Antara ยท Selasa, 08 Oktober 2019 - 15:35 WIB
Mantan Kepala Dinas Pasar Samarinda Ditahan Kejari terkait Korupsi Pembangunan Pasar

Ilustrasi korupsi. (Foto: Okezone)

SAMARINDA, iNews.id – Mantan kepala Dinas Pasar Kota Samarinda, Sulaiman Sade, ditetapkan sebagai tersangka kasus dugaan tindak pidana korupsi pembangunan Pasar Baqa dengan nilai proyek Rp17 miliar. Saat ini, Kejaksaan Negeri (Kejari) Kota Samarinda telah menahan tersangka.

Sulaiman Sade saat ini masih menjadi pejabat di Pemkot Samarinda, dengan jabatan Kepala Badan Penanggulangan Bencana Daerah (BPBD) Kota Samarinda. Semasa menjabat kepala Dinas Pasar, Sulaiman menjadi Kuasa Pemegang Anggaran ( KPA) Pembangunan Pasar Baqa tahun 2014-2015 yang bersumber dari Anggaran Pembangunan dan Belanja Daerah (APBD) Kota Samarinda.

Kepala Seksi (Kasi) Pidana Khusus Kejari Samarinda Zainal Effendi mengatakan, pihaknya juga menetapkan dua tersangka lainnya dalam kasus itu. Keduanya, yakni Mifatul selaku Pejabat Pelaksana Teknis Kegiatan (PPTK) dan Sayid selaku kontraktor dalam proyek pembanguan pasar di Kelurahan Baqa, Samarinda Seberang tersebut.

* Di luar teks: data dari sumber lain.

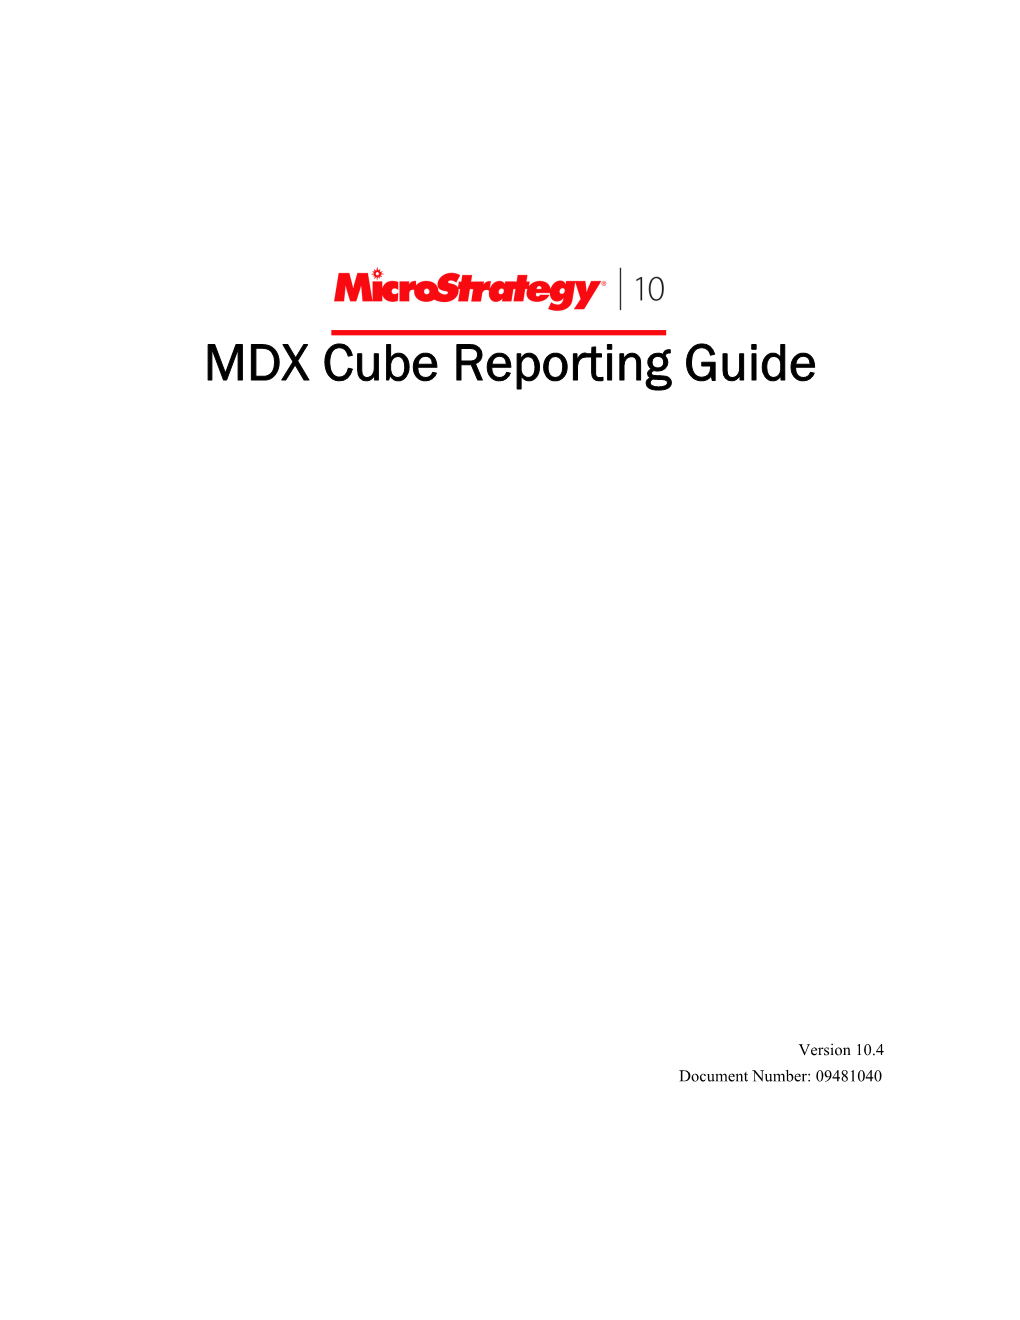 Microstrategy MDX Cube Reporting Guide Provides Comprehensive Information on Integrating Microstrategy with Multidimensional Expression (MDX) Cube Sources

“Saat ini, ketiganya dalam proses penahanan di Rutan kelas II A Samarinda, terhitung mulai tanggal 8-27 Oktober 2019, hingga berkas perkara dilimpahkan ke pengadilan,” katanya.

BACA JUGA:

11 Tahun DPO, Terpidana Korupsi Pasar Horas Ditangkap saat Sarapan

Korupsi Pembangunan Pasar di Pulang Pisau Rp2,7 M, Polisi Tetapkan 5 Tersangka

Menurut Zainal, pihaknya telah menggandeng tim ahli dari Universitas Gajah Mada, Yogyakarta dalam penyidikan kasus tersebut. Berdasarkan laporan dari tim ahli, ditemukan kekurangan volume fisik dan ada beberapa item fisik yang tidak sesuai dengan Rencana Anggaran Biaya (RAB). “Setelah diaudit ada kerugian negara sekitar Rp2 miliar,” katanya.

Zainal mengatakan, nilai kerugian negara tersebut bisa berkembang. Sebab, tim ahli dari UGM masih melakukan kajian terkait sejumlah item lainnya yang dikerjakan dalam proyek tersebut.

“Tim penyidik kami terus melakukan pengembangan di lapangan untuk melengkapi berkas ke pengadilan,” katanya.

Pasar Baqa yang berada di Jalan Sultan Hasanuddin Kelurahan Baqa Kecamatan Samarinda Seberang telah ada sejak tahun 1970. Pasar yang memiliki 339 petak ini memenuhi kebutuhan masyarakat sekitar seperti beras, sayur-sayuran, telur, ikan, ayam, dan lain-lain.

Pasar Baqa mulai direnovasi oleh Pemerintah Kota Samarinda pada tahun 2014 dengan anggaran Rp17 miliar dari APBD Kota Samarinda tahun 2014-2015. Pembangunan sudah sampai tahap kerangka bangunan fisik tiga lantai. Namun, setelah itu tidak pernah ada lagi kelanjutan proyek sehingga pembangunan pasar sempat mangkrak dalam beberapa tahun.